◆ **DATA PROVIDED**:
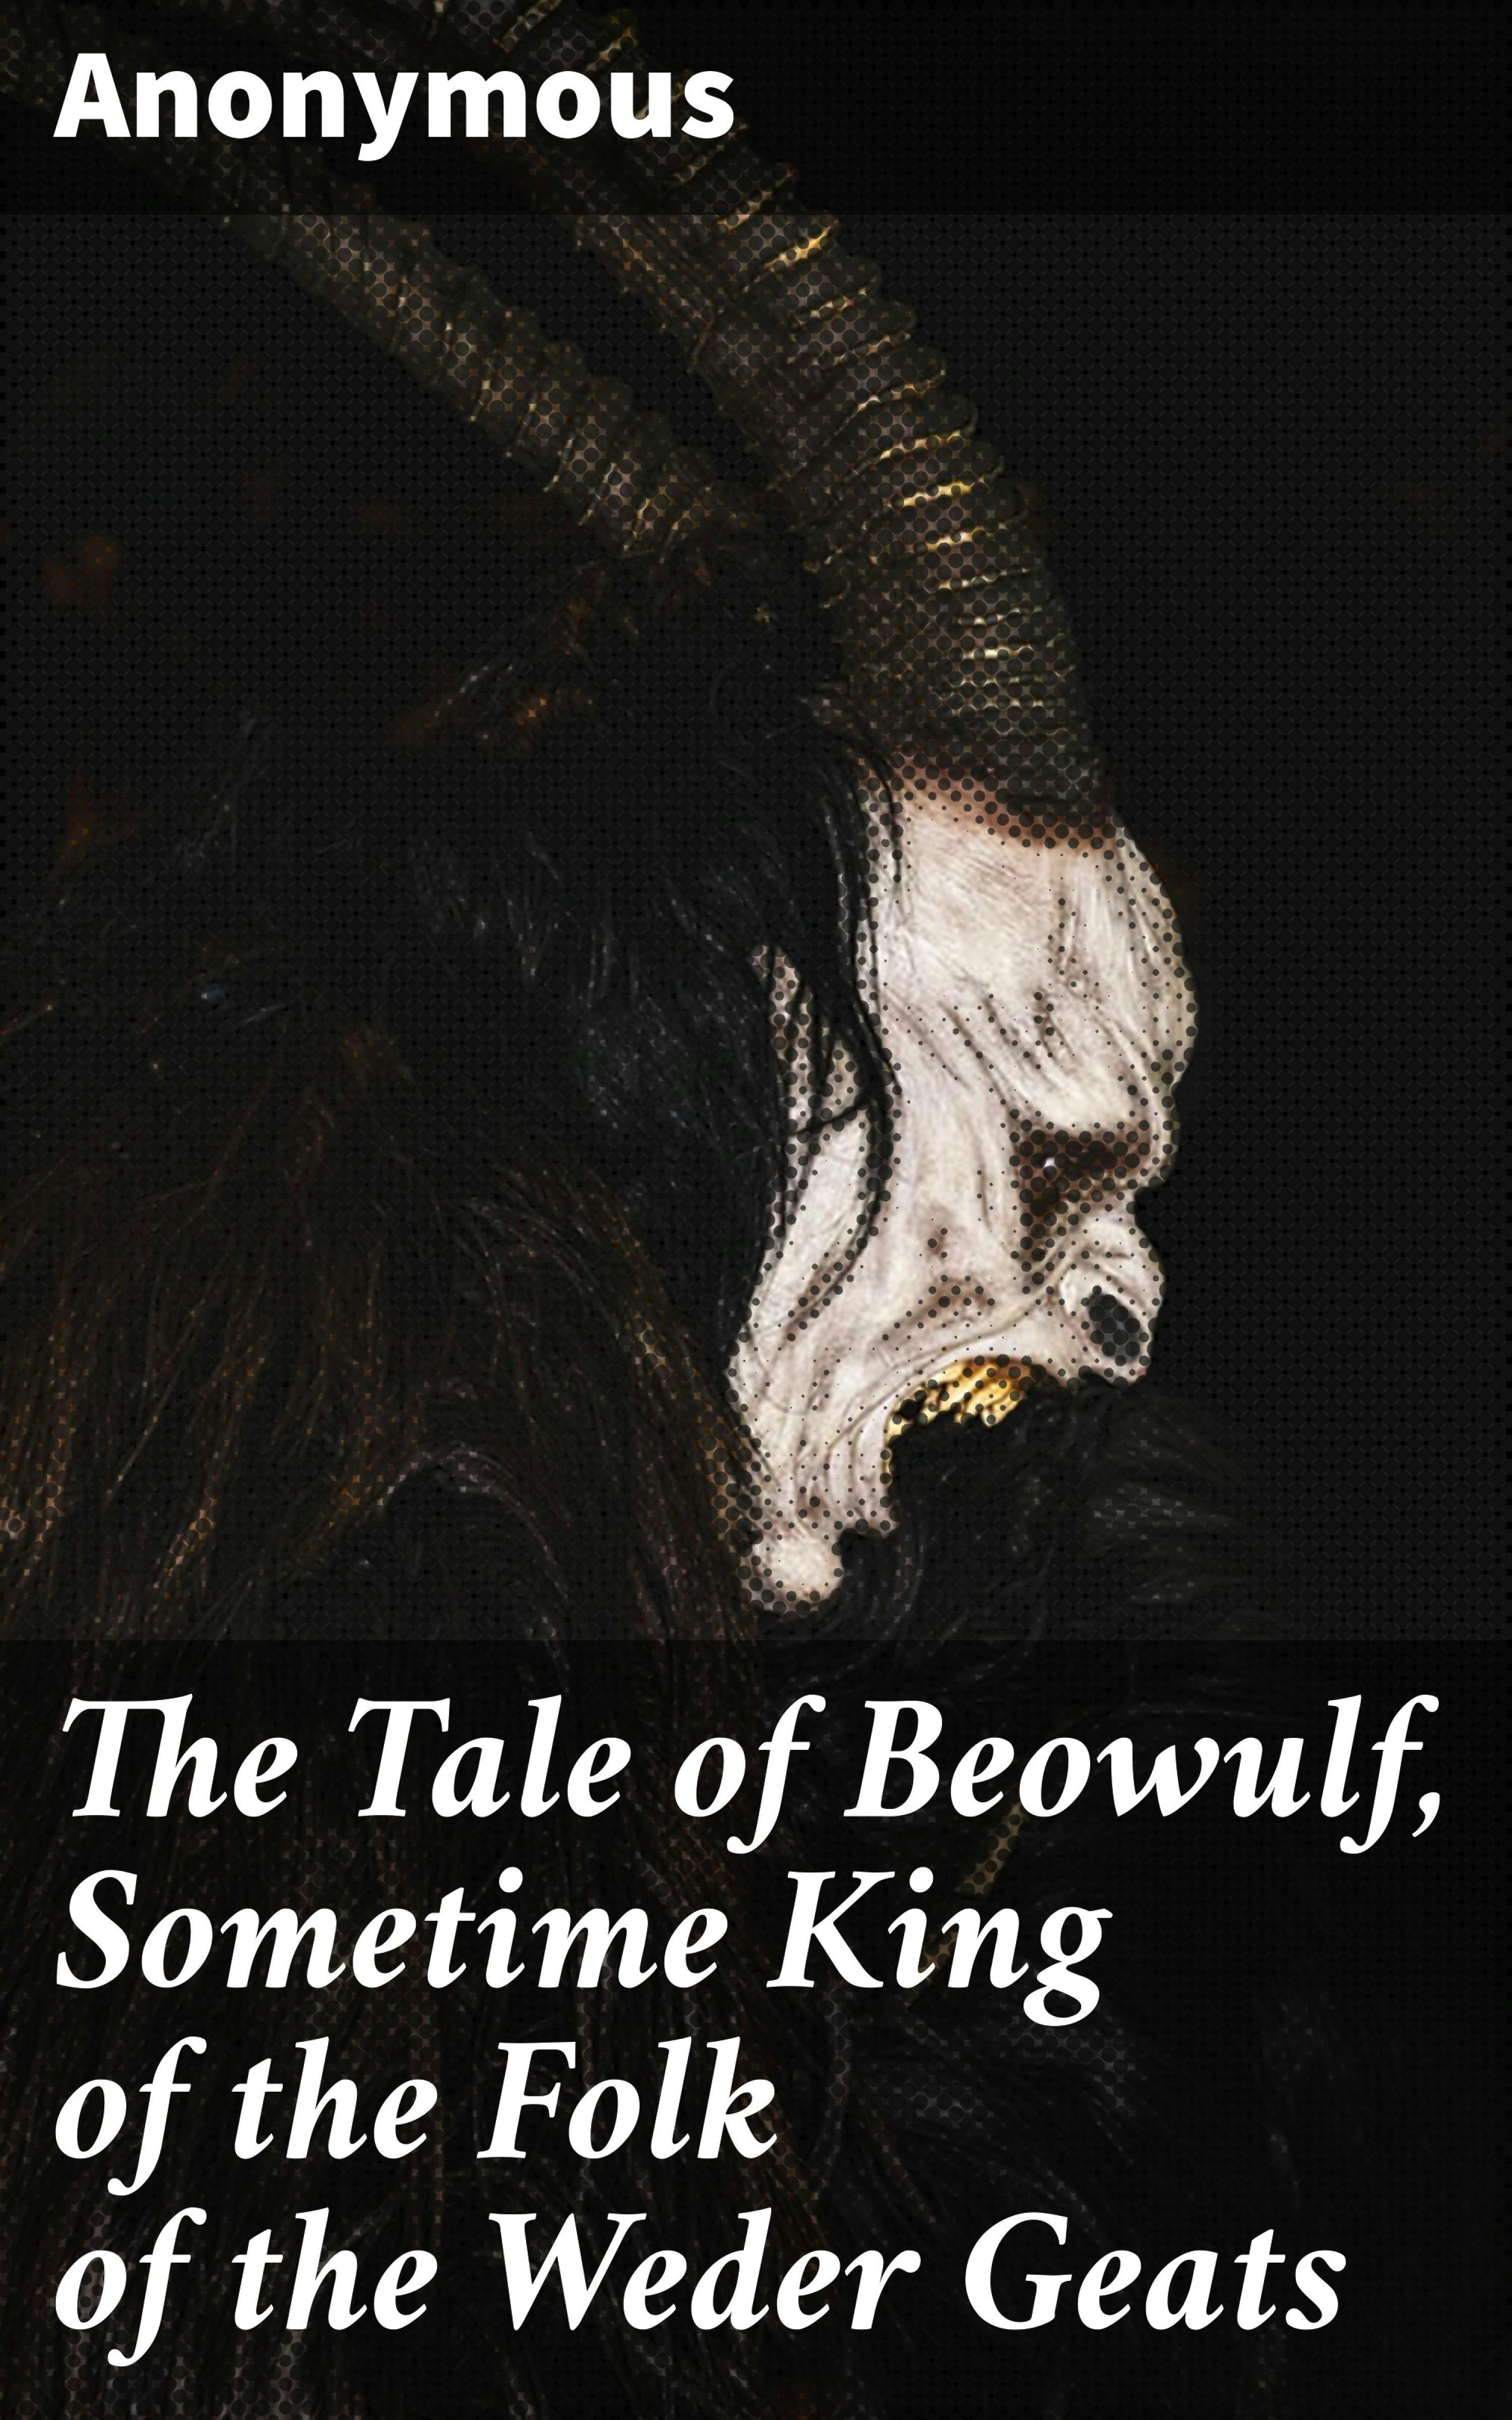 The Tale of Beowulf, Sometime King of the Folk of the Weder Geats - undefined
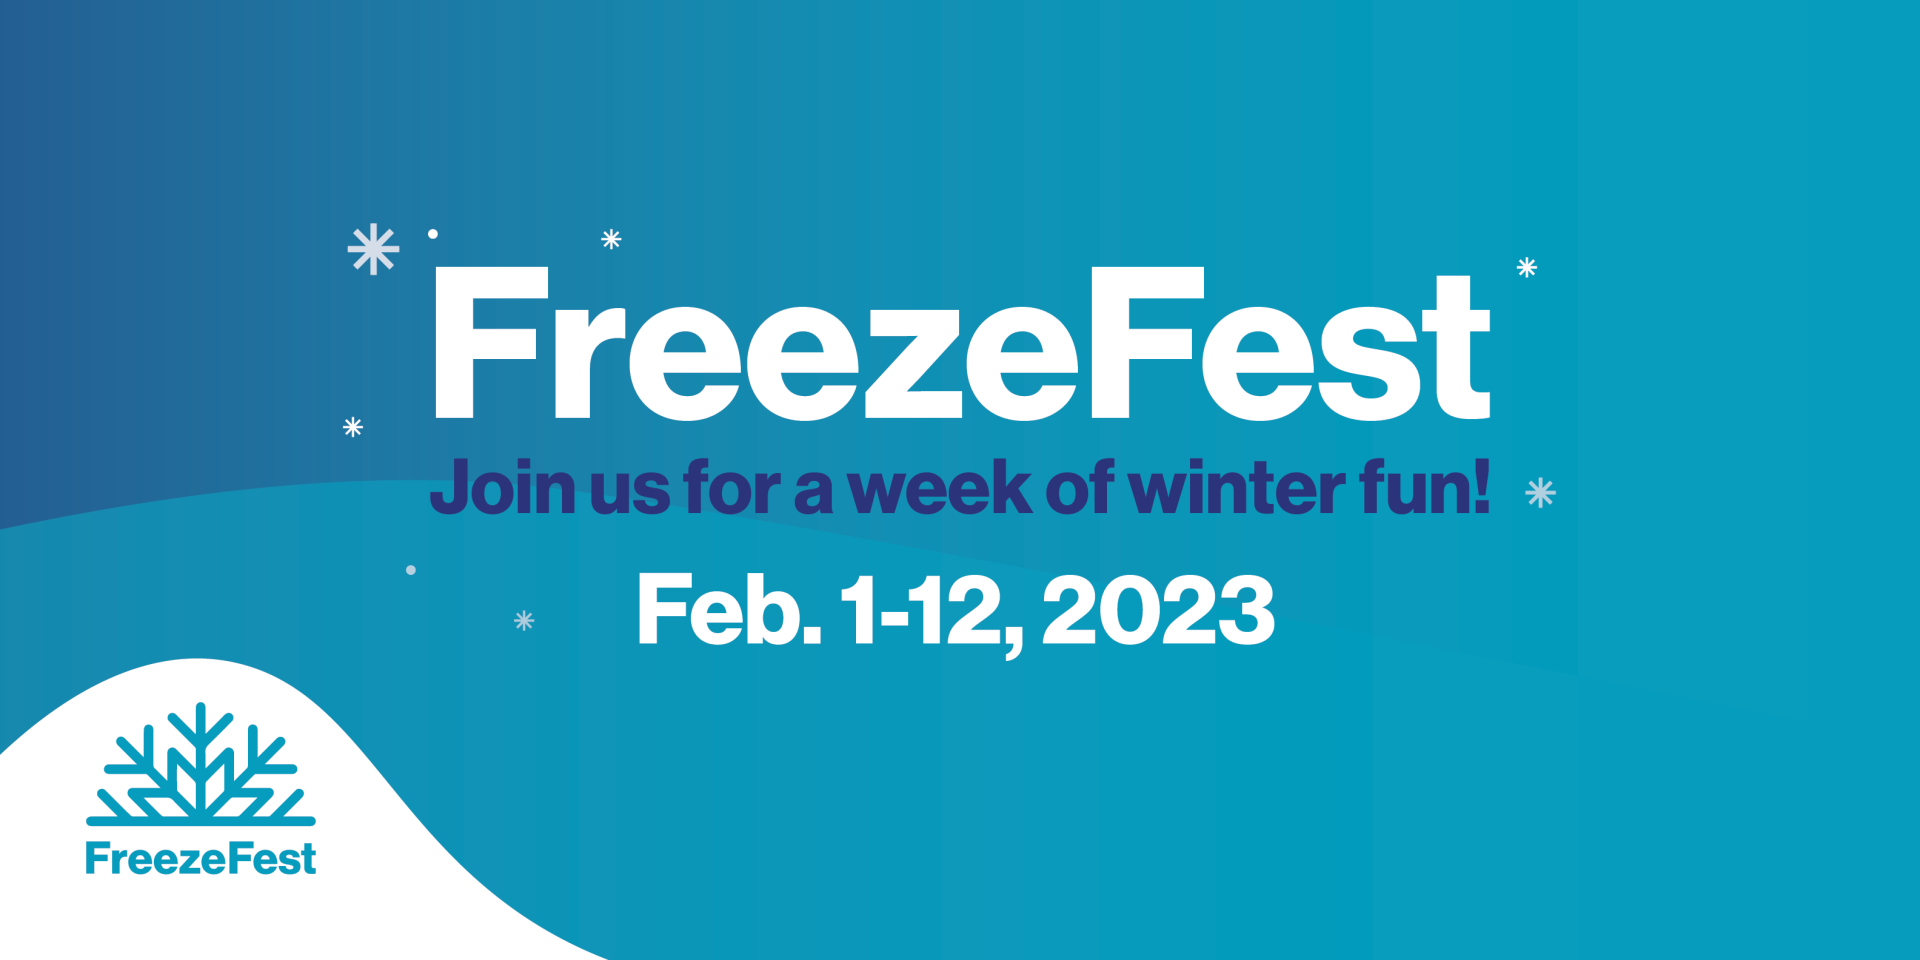 FreezeFest Join us for a week of winter fun! Feb. 1-12, 2023
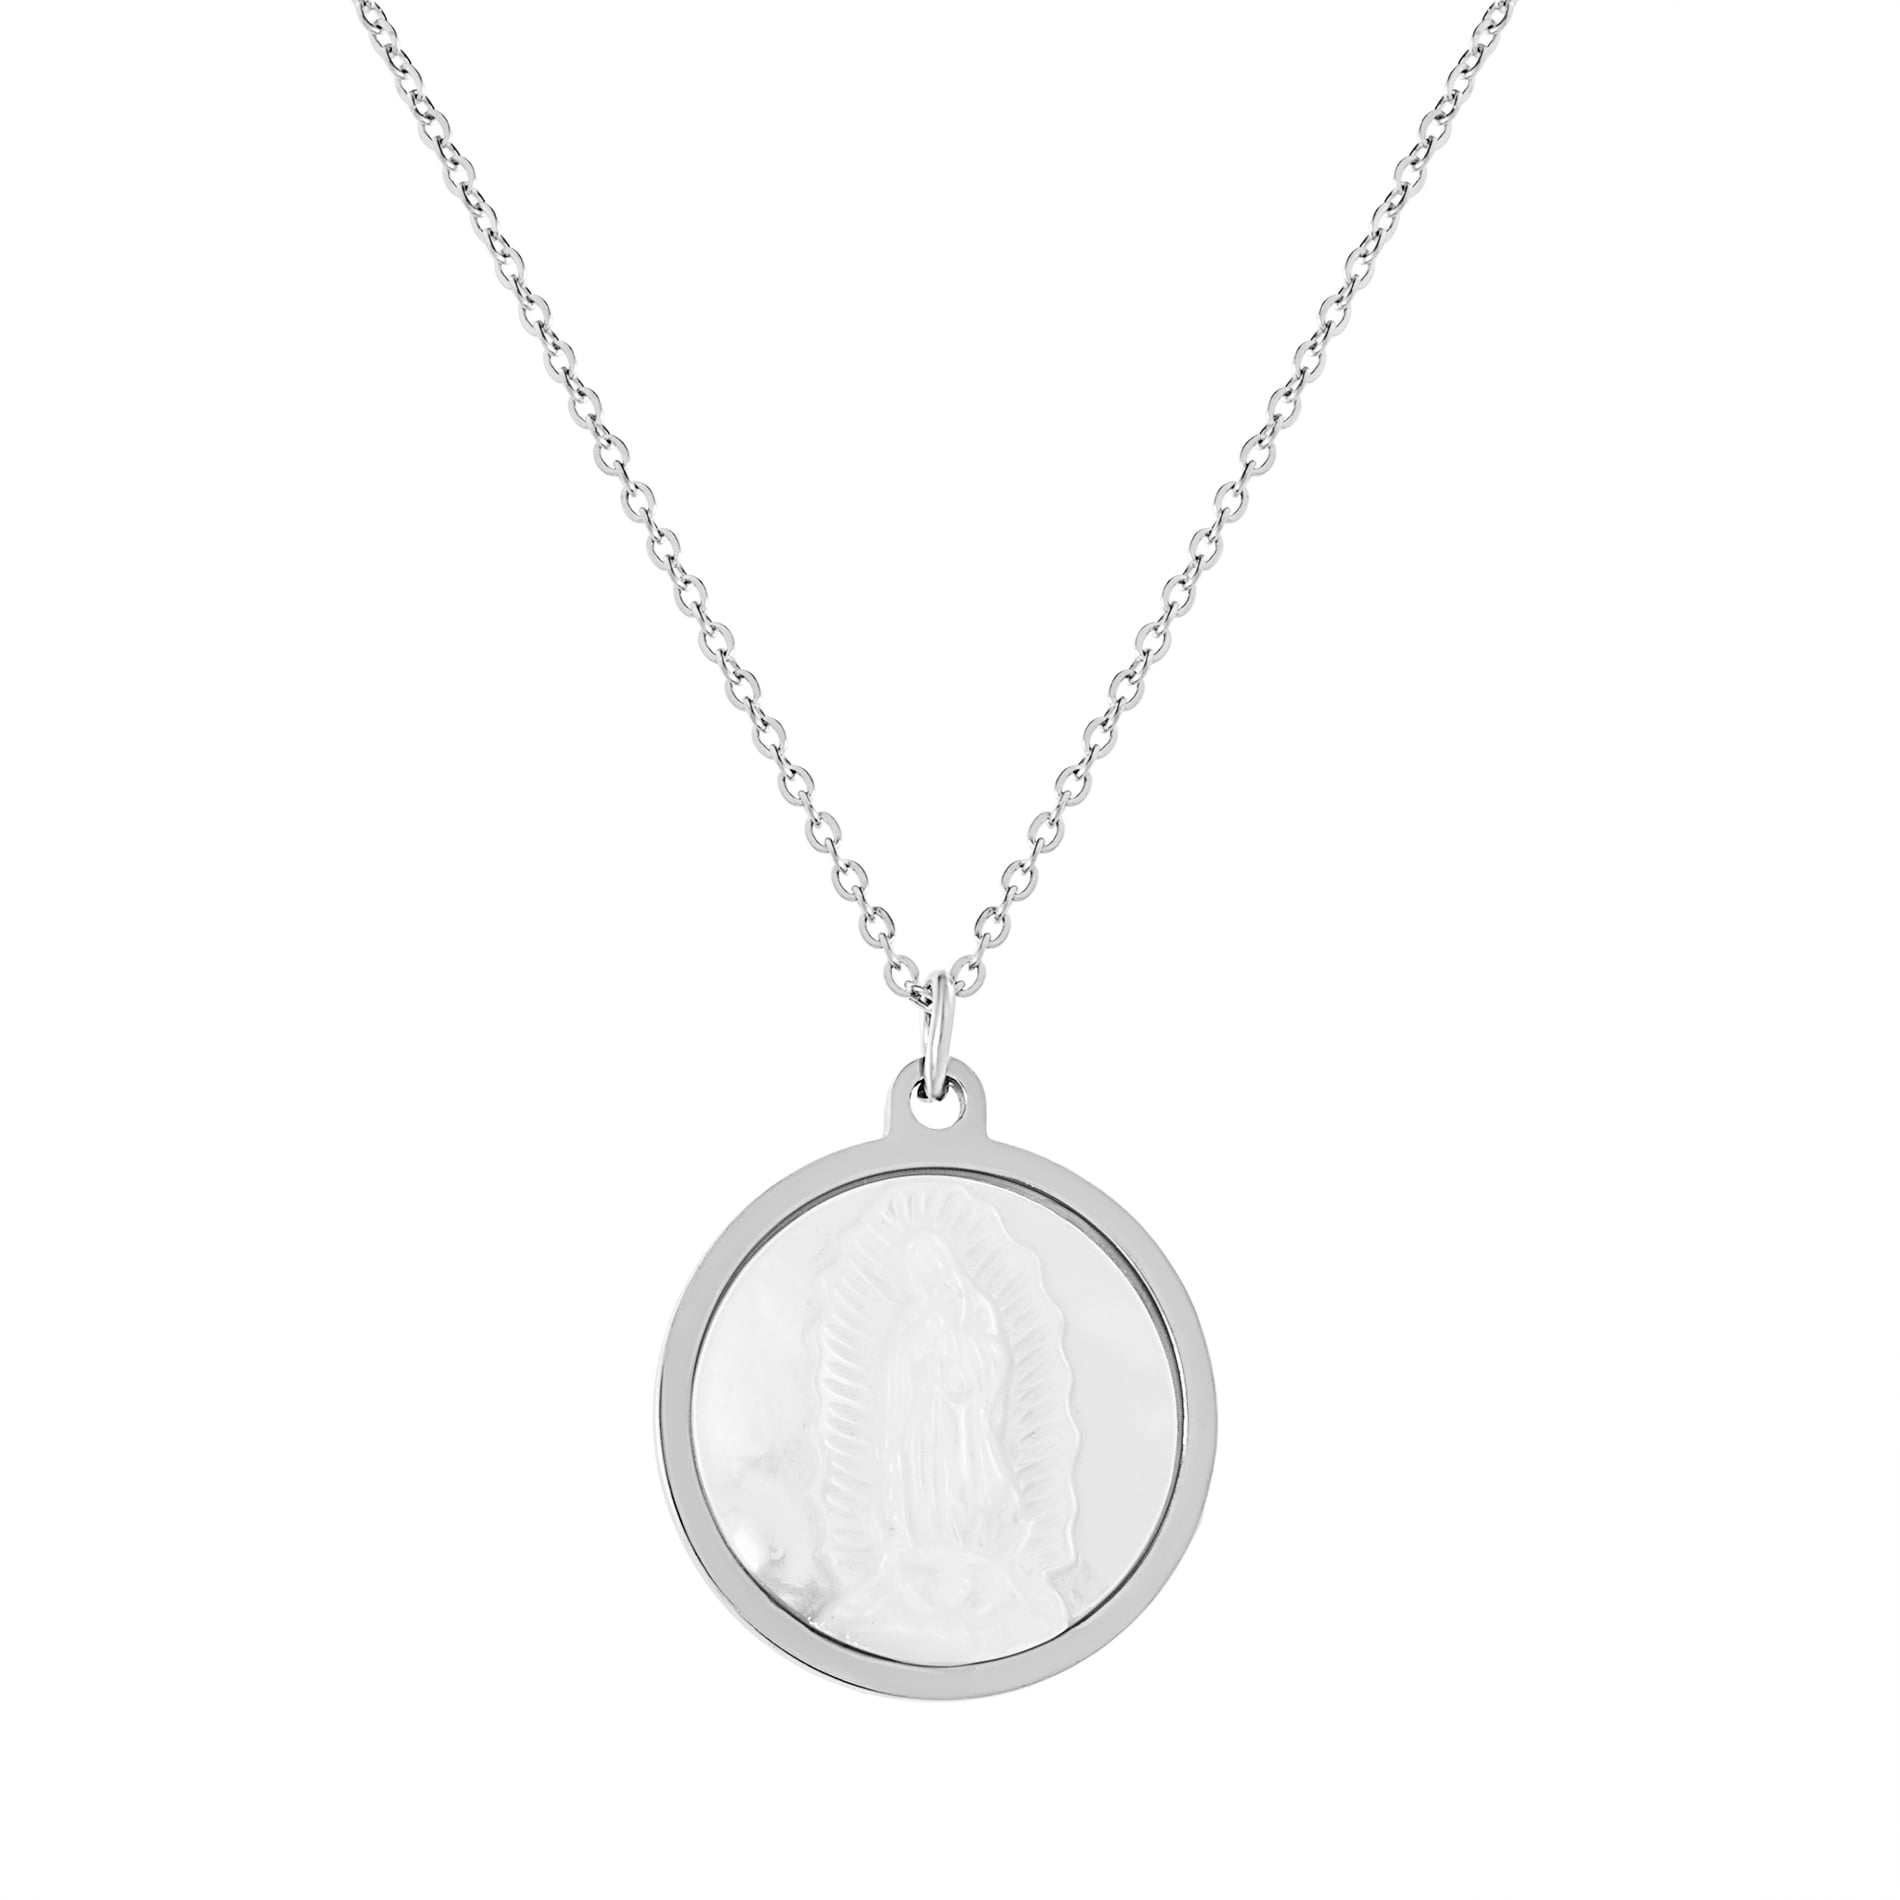 mother of pearl virgin mary necklace

◆ **EXERCISE DESCRIPTION**:
Write out all of the data above exactly, without any of its pictures.

◆ **EXERCISE RESPONSE**:
 The Tale of Beowulf, Sometime King of the Folk of the Weder Geats - undefined
 FreezeFest Join us for a week of winter fun! Feb. 1-12, 2023
 mother of pearl virgin mary necklace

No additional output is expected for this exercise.